Он чуть оживился, кивнул:
– Да-да, я на это обратил внимание в вашем досье.
– Спасибо, – сказал я. – Однако в конце концов я сужал поле поиска, пока не забрезжил тот лучик во тьме, высветивший тончайшие нити, что и связывают людей воедино, хотя они об этом и не догадываются.
Он сказал еще живее:
– Вот с этого момента поподробнее.
– Влезая все глубже, – сказал я, – удалось увидеть, что люди, вообще-то, связаны друг с другом намного больше, чем муравьи. А информация между нами передается еще и бессознательно. Нет, не мимика, не язык непроизвольных жестов и подергивания губ или конечностей, а нечто намного более мощное, глубокое…

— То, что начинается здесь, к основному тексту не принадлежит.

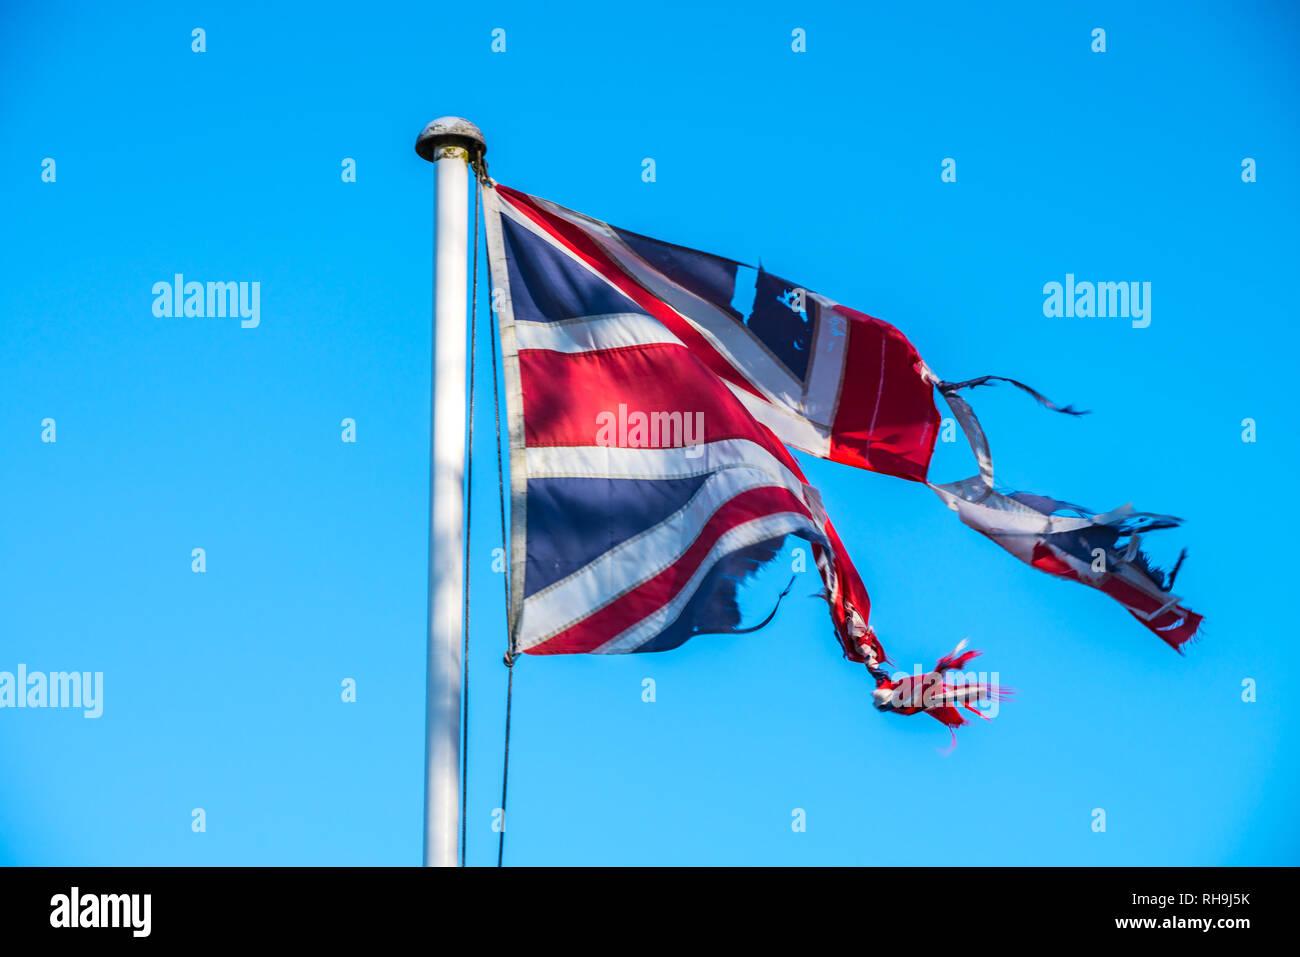 Badly torn Union Jack Flag symbol of the disharmony within UK over Brexit - Stock Image

– Так-так, – сказал он без необходимости, но только для того, чтобы показать мне – слушает, весь внимание, – это я читал в резюме.
– Успех начал приходить, – продолжил я значительно и посмотрел ему в глаза, – когда ваш благословенный фонд выделил мне грант на исследования. В первые же месяцы удалось установить, что наиболее мощная передача неизвестной информации между людьми идет, когда те спят.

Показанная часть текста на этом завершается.